As I sat staring heavenward during the curtain call for Pioneer Theatre Company’s Peter Pan, glittering pixie dust raining down on the orchestra section, a horrifying realization gripped me: I had finally grown up into a jaded adult.
There could not, of course, have been a more appropriate place to come to that realization. A staging of Jerome Robbins’ ever-popular 1954 musical, Peter Pan tells J.M. Barrie’s story of an orphaned, perpetually pre-adolescent elf who decides never to grow up. It has become a classic children’s tale of adventure, and its theatrical incarnation has delighted hundreds of thousands. More specifically, it was a place where magic appeared before your eyes, with actors soaring over the stage on wires as they thought their happy thoughts.
But this Peter Pan, charming and entertaining though it might generally be, doesn’t feel like magic. It walks an awkward tightrope between broad musical spectacle and kid-friendly energy, often finding both while working visibly hard to do so. Expending this much energy should result in something more than … nice.
The casting certainly gets things started in the right direction. Diminutive Broadway veteran Kirsten Wyatt takes on the title role, soaring into the turn-of-the-century London nursery of Darling children Wendy (Becky Watson), John (Christopher Schram) and Michael (played on alternate performances by Tait Meskey and Andrew Thomas Pehrson). Away they soon go to Neverland, where the Lost Boys await a mother figure and where Captain Hook (Max Robinson) and his band of pirates are always ready to instigate some sort of mischief.
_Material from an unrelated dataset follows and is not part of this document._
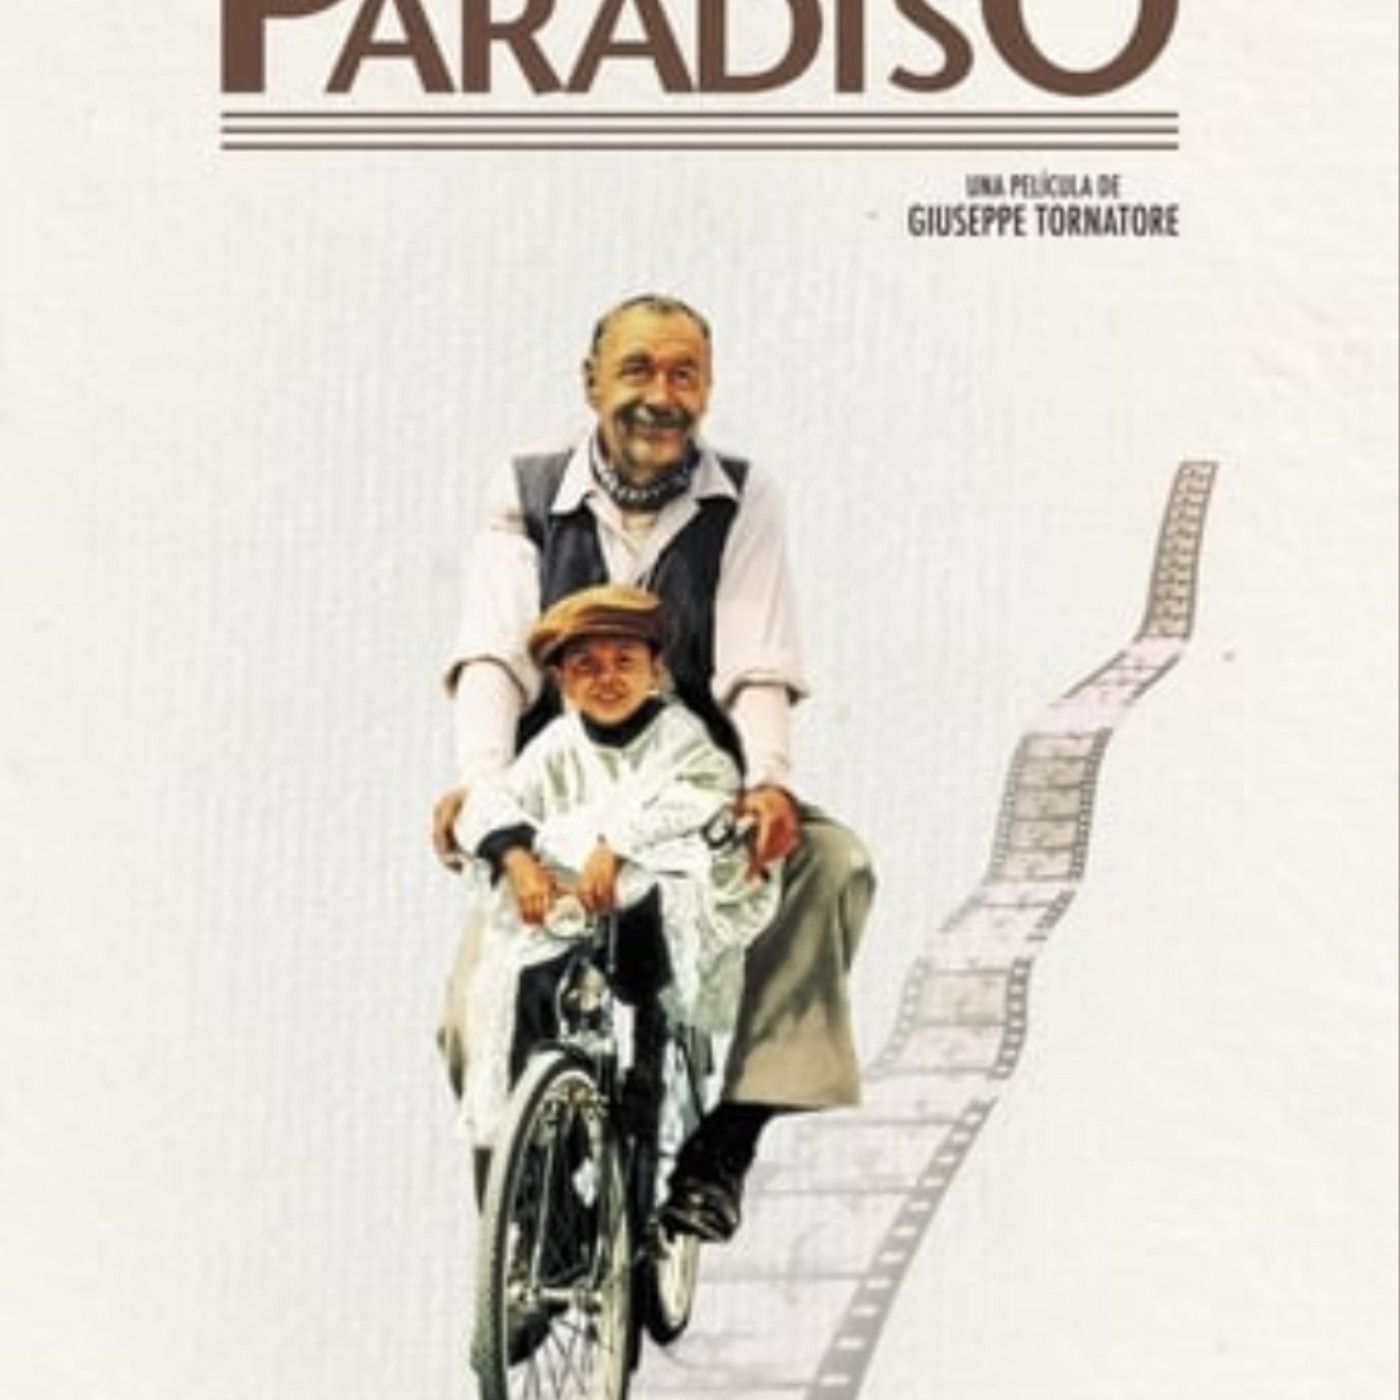 Ver Cinema Paradiso 1988 online gratis en español y latino | Podcast on  SoundOn

As a text, the musical Peter Pan is already an odd-duck collection of songs, mixing tunes by the team of Carolyn Leigh and Mark Charlap with those penned by Jule Styne, Adolph Green and Betty Comden. The Leigh/Charlap numbers have always been the show-stoppers—“I’ve Got to Crow” and “I’m Flying”—with “Hook’s Waltz” the only other number that doesn’t feel like filler. The performers here are generally in fine voice, but the score doesn’t place too many demands on a singer. With little to offer that you’ll be humming on the way out of the theater—and a story already imbedded in our collective pop culture consciousness thanks to Walt Disney—there’s not likely to be much sense of discovery here.
So director Charles Morey does what any smart artist would do with the same raw material: He tries to knock you out with the production values. Much of the time he succeeds, rolling out a series of spectacular George Maxwell sets including the Darling nursery, the Lost Boys’ underground lair and Hook’s multi-part pirate ship. Timothy Albrecht’s choreography delivers slick, engaging movement, Carol Wells-Day’s costumes submit to the practical needs of flying harnesses with a fantasy flair and Daniel Beecher’s work beneath the oversized suits of Nana the dog and the ticking crocodile adds to the whimsy.
And just in case there’s a concern that the show won’t be served up with enough gusto, there’s Max Robinson as Hook. Anyone familiar with the PTC veteran’s work could have told you back when the season was first announced that he would be cast as the pirate—it’s hard to imagine a role besides Harold Hill more perfectly suited to his inimitable, larger-than-life Max Robinson-ness. As an actor he’s got a keen sense for when hamming it up is the right choice, and here that sense contributes to picture-perfect storybook villainy.
Robinson and his castmates do enough with the show’s grand scale that Peter Pan is likely to appeal to the younger audience members it’s targeting. But eye candy only takes a show so far, and Peter Pan generally feels like a satisfying diversion adults would enjoy primarily because the child sitting next to them is enjoying it. Like The Nutcracker, it’s an intro to the arts that tries to dazzle youngsters while patting them on the head reassuringly.
Maybe that should be enough. Maybe this show should pull at the eternal child in each of us when our applause brings Tinkerbell back to life, or when Peter swoops into the audience during that curtain call. But off to the side, you can see the stagehand yanking on the cable that lifts Kirsten Wyatt into the air. This is light stuff we’re talking about here. We shouldn’t see all the wires.